Позже она писала по поводу отложенного созыва Думы: «Наш Друг тебя просит закрыть ее, мы с Анной тебе пишем… Стань Петром Великим, Иваном Грозным, императором Павлом…»
И наконец: «Мы воюем со всеми, надо твердо держаться».
Глава 5
Отступление царя
Мы воюем со всеми! Царица с Распутиным действительно воевали с народом, армией, великими князьями, со всей Россией.
А царь? На чьей стороне он стоял? Что в то время делал? На эти вопросы мы найдем ответ в воспоминаниях В. Н. Коковцова.
17 января 1917 года бывший премьер-министр в последний раз виделся с императором Николаем II.
«Никогда не забуду той последней встречи, – пишет он, – и оставшееся впечатление никогда не изгладится из моей памяти… Государь сразу принял меня. Когда я шагнул к нему в кабинет, он стоял у окна возле двери, в которую я вошел, где и оставался во время беседы вместо того, чтобы пройти к рабочему столу и, как всегда, пригласить меня сесть. Мне показалось, будто дверь в гостиную приоткрыта (чего прежде никогда не бывало), и за ней кто-то стоит. Может быть, это была лишь иллюзия, но ощущение не покидало меня за все время аудиенции. Вид царя меня так поразил, что я не осмелился осведомиться о его здоровье. За тот год, что мы не встречались, он стал просто неузнаваемым. Лицо страшно осунувшееся и усталое, сплошь в мелких морщинках. Глаза, всегда мягкие, теплые, потускнели, взгляд блуждал безостановочно, неспособный, как прежде, внимательно сосредоточиться на собеседнике. Белки глаз сильно пожелтели, радужка утратила цвет, стала серой, почти безжизненной… На лице его величества было какое-то потерянное выражение, с губ не сходила печальная вымученная улыбка… Он выслушал меня до конца все с той же безутешной улыбкой, беспокойно переводя взгляд из стороны в сторону. Я только спросил, не соизволит ли он милостиво дать мне несколько советов по поводу возложенной им на меня задачи. Этот вопрос (по-моему, чрезвычайно простой, и мне никогда в голову не приходило, будто император с его великолепной памятью может забыть то, что говорил своему министру внутренних дел два-три месяца назад) привел его в замешательство, которое мне показалось абсолютно необъяснимым.

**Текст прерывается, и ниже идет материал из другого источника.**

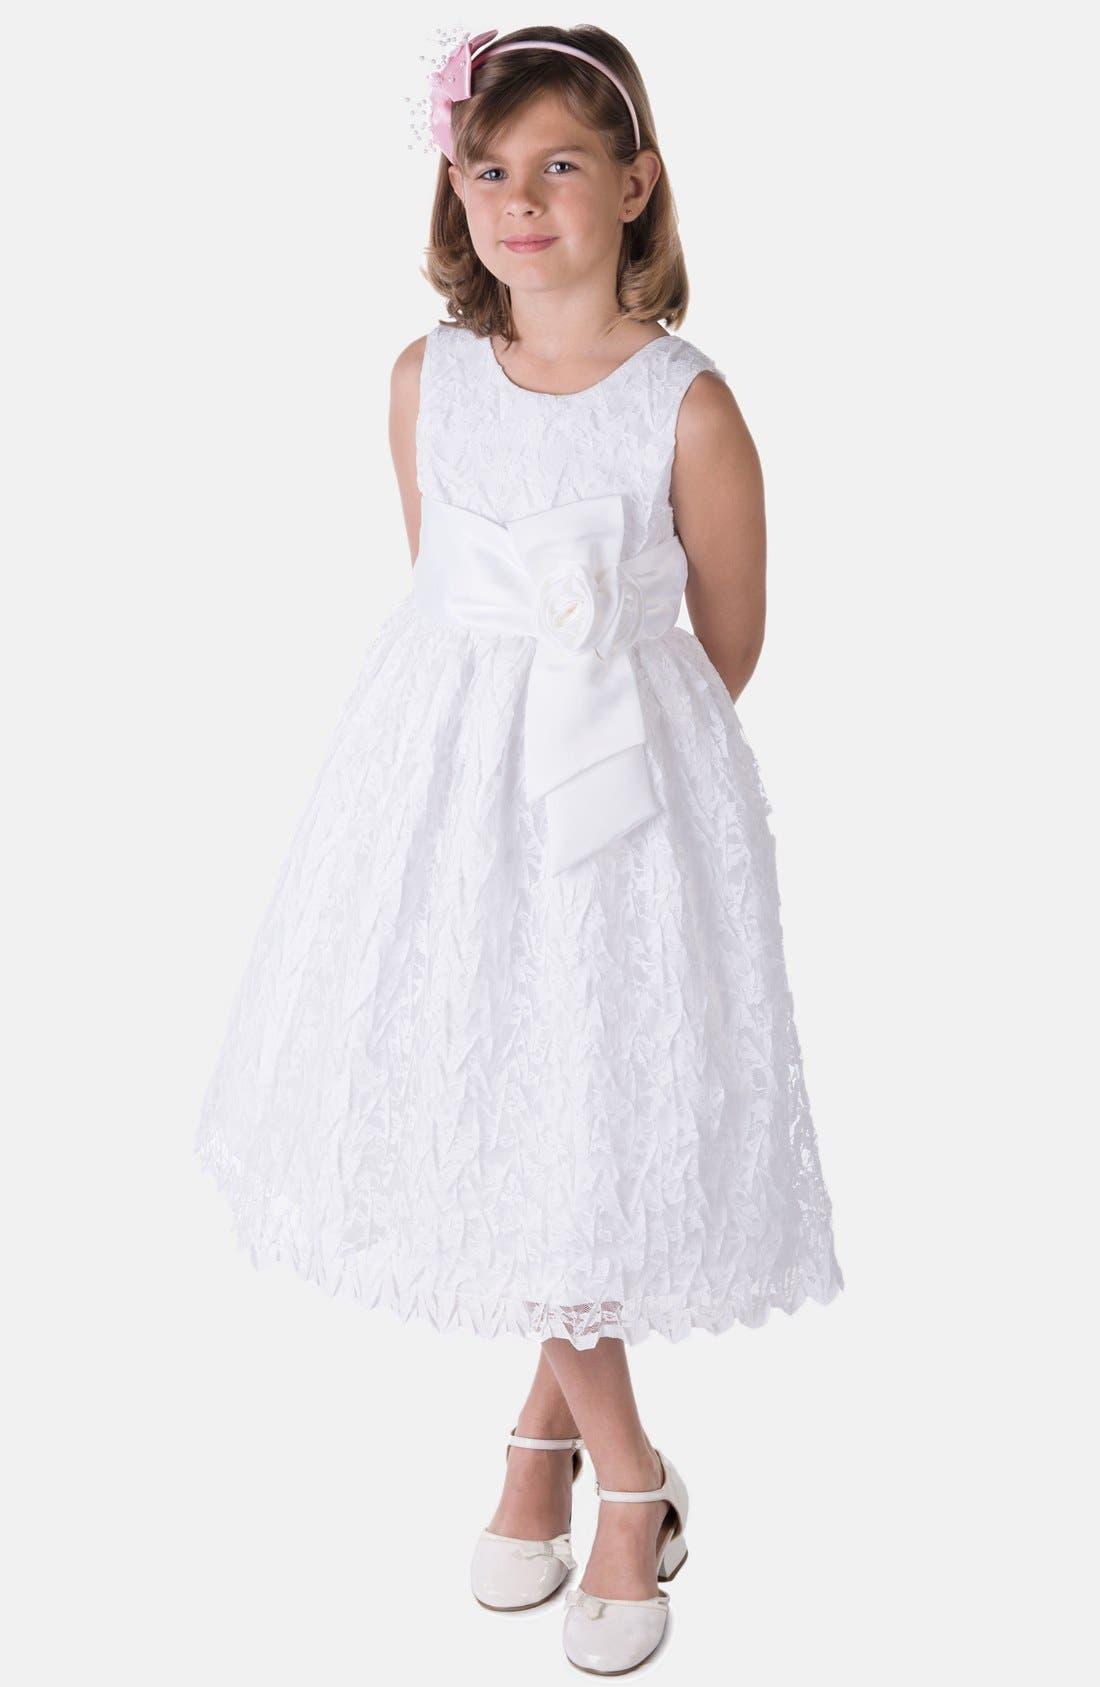 Main Image - C.I. Castro & Co. Sleeveless Lace Dress (Big Girls)

Только натужная невыразительная, даже неуместная улыбка не сходила, как я уже говорил, с его лица. Император смотрел на меня так, словно молил о помощи и просил напомнить о том, что полностью ускользнуло из памяти».
Когда Коковцов освежил наконец царскую память, «его величество совсем растерялся, долго молча смотрел на меня, как бы собираясь с мыслями, припоминая нечто на миг забытое. Наконец, после долгого молчания, показавшегося мне бесконечным, его величество ответил, но все с той же скорбной улыбкой… Она не исчезала, пока он пожимал мне руку и сам открывал передо мной дверь в приемную».
Внешний вид и поведение царя глубоко поразили бывшего премьера. В приемной он столкнулся с обер-гофмаршалом графом Бенкендорфом и доктором Боткиным. «Даже сегодня, через столько лет, признаюсь, меня душат слезы. Я обратился к Боткину с вопросом: «Скажите, разве вы не видите, в каком состоянии его величество? Он на грани душевной болезни, если уже ею не поражен…»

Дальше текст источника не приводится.